WHAT TO PRODUCE:
Search the records for lines with the word "Shoes" and copy each match.

Items listed in a dataset
*** Begin section ***

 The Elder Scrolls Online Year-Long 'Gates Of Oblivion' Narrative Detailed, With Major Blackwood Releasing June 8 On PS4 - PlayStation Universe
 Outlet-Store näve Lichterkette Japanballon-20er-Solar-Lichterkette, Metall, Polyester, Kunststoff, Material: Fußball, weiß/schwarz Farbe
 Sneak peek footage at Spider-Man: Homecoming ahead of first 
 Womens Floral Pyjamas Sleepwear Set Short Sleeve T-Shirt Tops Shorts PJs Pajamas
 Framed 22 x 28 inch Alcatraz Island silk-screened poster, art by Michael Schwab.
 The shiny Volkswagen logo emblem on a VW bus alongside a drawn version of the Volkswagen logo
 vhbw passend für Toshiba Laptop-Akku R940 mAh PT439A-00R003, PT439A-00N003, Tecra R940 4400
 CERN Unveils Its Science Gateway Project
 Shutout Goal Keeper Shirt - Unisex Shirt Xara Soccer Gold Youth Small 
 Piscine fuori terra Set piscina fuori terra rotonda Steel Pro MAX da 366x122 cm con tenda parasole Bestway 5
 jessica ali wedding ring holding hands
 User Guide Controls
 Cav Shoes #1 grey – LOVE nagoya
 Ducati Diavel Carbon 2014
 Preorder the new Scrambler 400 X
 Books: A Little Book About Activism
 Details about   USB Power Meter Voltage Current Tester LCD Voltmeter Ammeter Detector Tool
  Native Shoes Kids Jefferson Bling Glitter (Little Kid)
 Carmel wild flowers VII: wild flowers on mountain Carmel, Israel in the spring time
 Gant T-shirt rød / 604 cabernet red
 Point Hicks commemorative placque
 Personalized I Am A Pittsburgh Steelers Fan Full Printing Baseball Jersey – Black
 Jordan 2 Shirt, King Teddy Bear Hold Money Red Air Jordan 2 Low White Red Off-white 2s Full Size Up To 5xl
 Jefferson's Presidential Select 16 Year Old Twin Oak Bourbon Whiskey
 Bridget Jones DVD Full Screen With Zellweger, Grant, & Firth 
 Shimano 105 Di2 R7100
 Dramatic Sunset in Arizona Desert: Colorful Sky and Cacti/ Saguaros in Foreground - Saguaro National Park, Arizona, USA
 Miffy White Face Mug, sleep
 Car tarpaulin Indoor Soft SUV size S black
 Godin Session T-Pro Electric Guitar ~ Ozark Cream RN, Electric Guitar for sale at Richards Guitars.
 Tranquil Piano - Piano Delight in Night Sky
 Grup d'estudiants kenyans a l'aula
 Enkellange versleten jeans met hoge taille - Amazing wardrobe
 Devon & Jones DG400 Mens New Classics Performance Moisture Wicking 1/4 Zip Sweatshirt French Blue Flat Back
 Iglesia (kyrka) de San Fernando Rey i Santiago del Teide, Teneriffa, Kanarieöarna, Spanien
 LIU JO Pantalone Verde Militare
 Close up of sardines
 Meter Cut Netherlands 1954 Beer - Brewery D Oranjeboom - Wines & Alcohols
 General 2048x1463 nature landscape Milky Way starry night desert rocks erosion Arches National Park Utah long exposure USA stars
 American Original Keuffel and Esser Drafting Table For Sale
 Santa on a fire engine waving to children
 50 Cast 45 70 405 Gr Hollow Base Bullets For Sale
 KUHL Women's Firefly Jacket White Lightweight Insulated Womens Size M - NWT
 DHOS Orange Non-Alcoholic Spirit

*** End section ***

EXPECTED OUTPUT:
 Cav Shoes #1 grey – LOVE nagoya
  Native Shoes Kids Jefferson Bling Glitter (Little Kid)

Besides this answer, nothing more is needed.